No âmbito do protocolo de cooperação entre o clube e as entidades locais, somos apoiados na formação, bem como pelas nossas responsabilidades em atividades sociais. No entanto, os nossos principais investidores, são empresas que acreditam no nosso trabalho e que pretendem maior projeção da imagem das suas marcas.

Temos bastantes dificuldades económicas devido ao número de deslocações que temos tido para os campeonatos internacionais. No entanto, considero que mantendo a estrutura e os nossos parceiros, poderei dizer que temos garantida a sustentabilidade do projeto.

 

Portugal tem dado, efetivamente, cartas no andebol de praia. Neste presente ano, os rapazes com uma excelente participação nos jogos olímpicos – no qual fez parte como técnico – e o GRD Leça, nas competições europeias, em que se encontrava, como presidente. Porque será, então, que a barreira da visibilidade ainda não foi ultrapassada?

Sejamos francos, em Portugal só o futebol tem interesse para a comunicação social. No entanto, o facto dos resultados das outras modalidades serem cada vez mais empolgantes, acho que é possível que a visibilidade vá aumentar.

 

A equipa portuguesa GRD Leça chegou à final feminina da Taça dos Campeões de andebol de praia, no passado ano, frente às húngaras do Multichem Szentendrei NKE. Competição realizada em Catânia, Itália. Neste seguimento de vitórias para a modalidade, Portugal havia, um tempo antes, conquistado a quarta medalha nos Jogos Olímpicos da Juventude Buenos Aires’2018, graças à performance da seleção nacional masculina de andebol de praia, que alcançou o segundo lugar no torneio da modalidade, apenas cedendo perante a Espanha, que ficou com o ouro.

 

Em que medida é que ter equipa feminina, associado ao emblema do clube, enriquece a modalidade?

O nosso clube tem uma cultura bastante peculiar na forma como pretendemos desenvolver o nosso trabalho.

Com resultados interessantes no masculino e numa altura em que o setor feminino estava em decréscimo, vimos como nossa “responsabilidade”, ajudar a estruturar e a fortalecer o feminino. As atletas que iniciaram a equipa tinham bastante qualidade e com o trabalho que foi desenvolvido, os resultados apareceram rapidamente.
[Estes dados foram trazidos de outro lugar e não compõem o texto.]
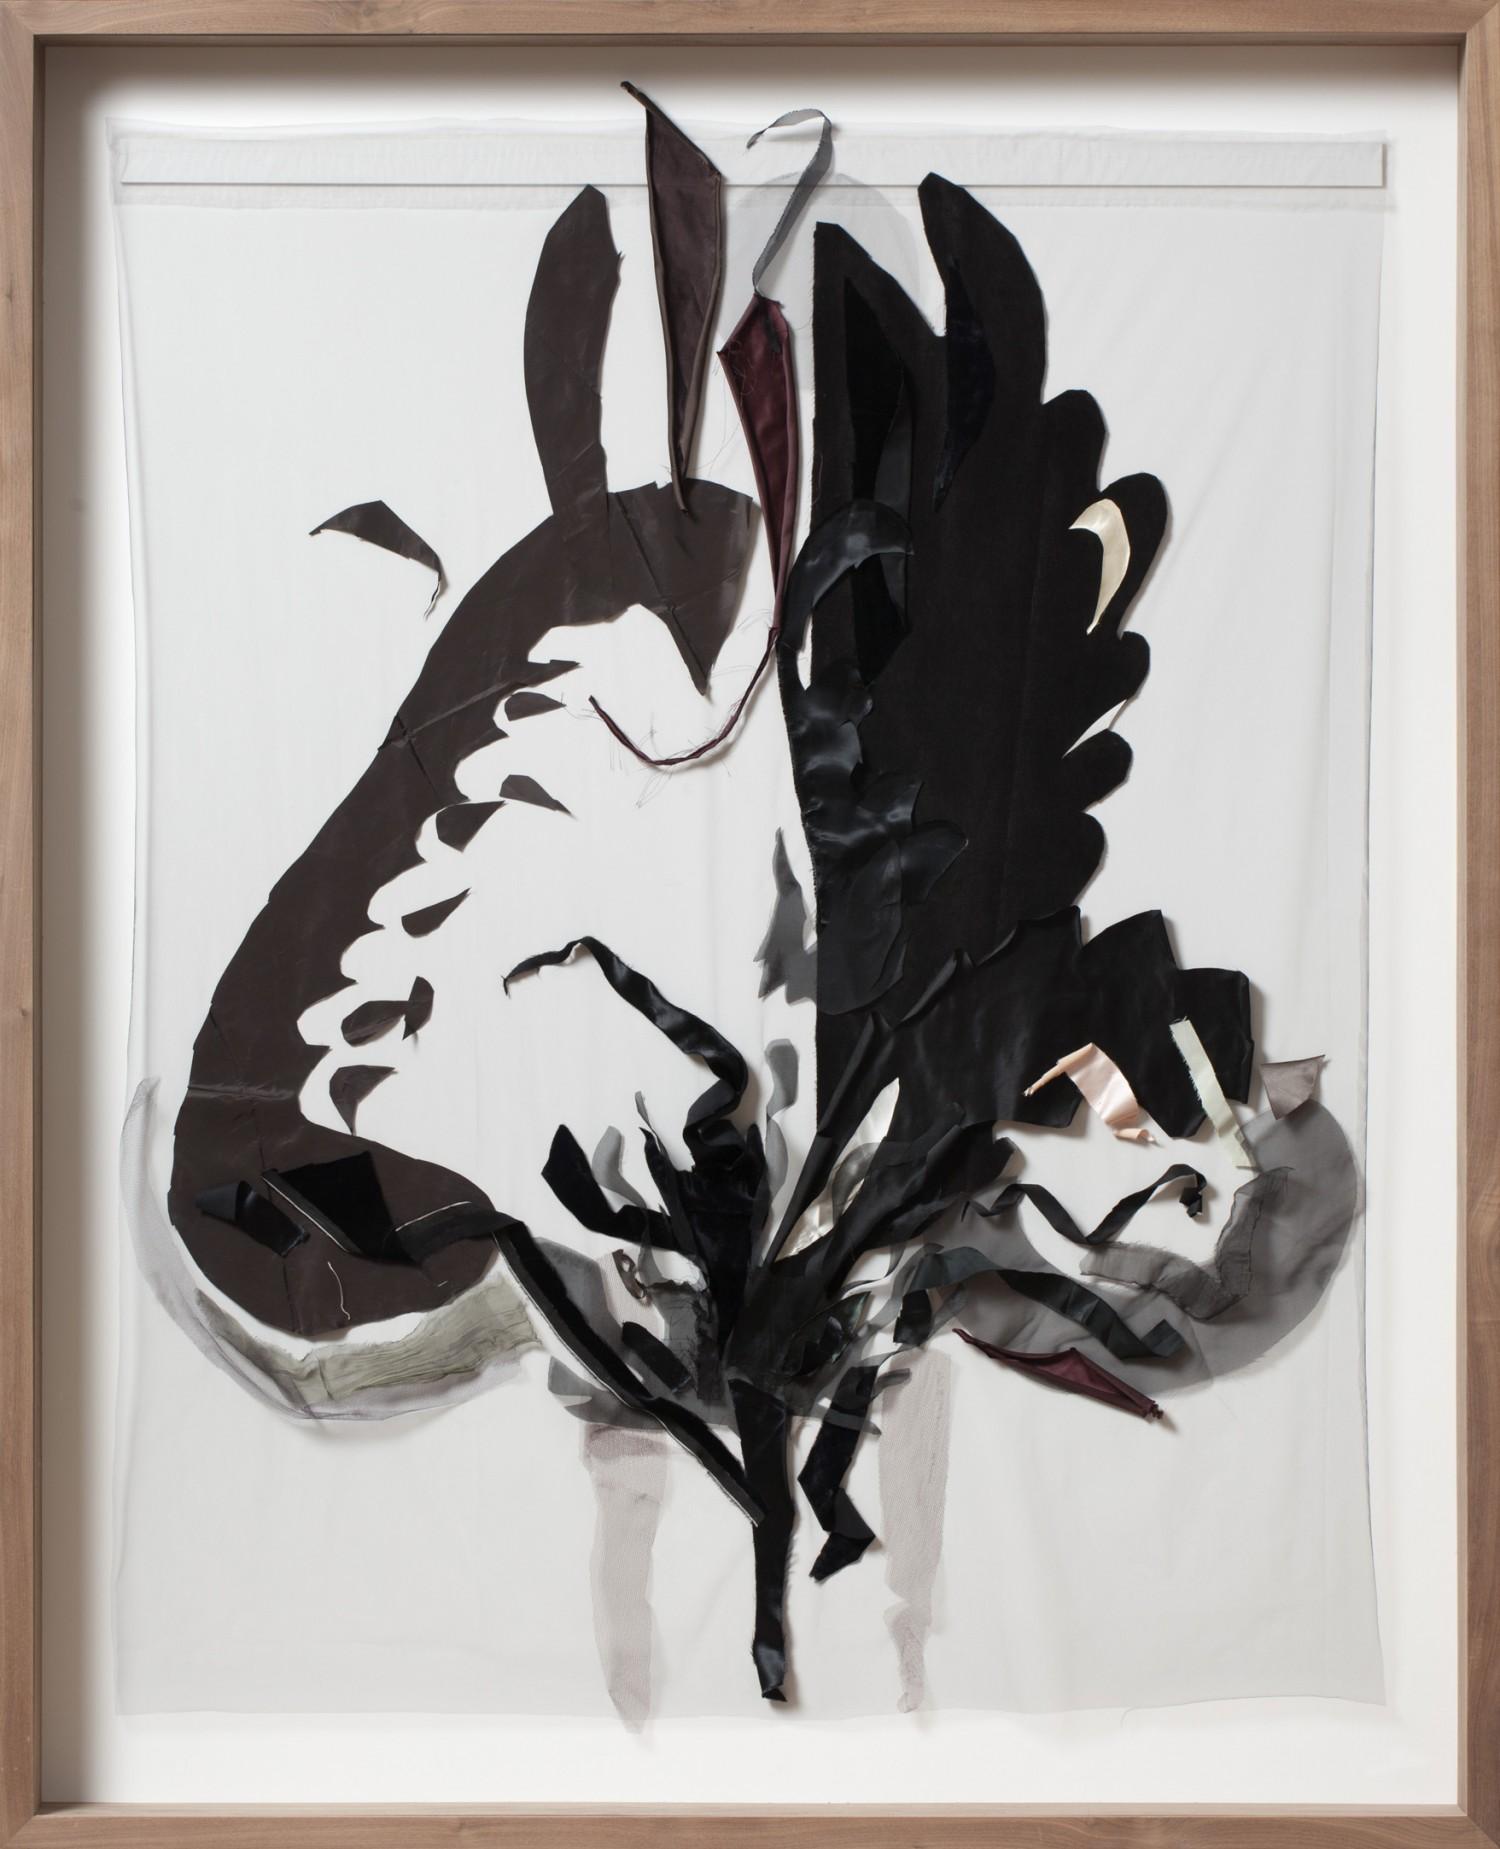 Secret 04, 159,5 x 144,5 x 9 cm, 2012

Direi com orgulho, que foi uma aposta ganha.

 

 

 

Rita Alves, jogadora da equipa lusa, foi considerada a melhor jogadora na Taça dos Campeões Europeus de Andebol de Praia. Sendo também,  algo de muito relevante, para a modalidade.

 

 

 

 

Quais serão os desafios de futuro?

Eu considero que há sempre mais coisas para melhorar. Pretendemos estar entre as melhores equipas da Europa e jogar nos melhores torneios.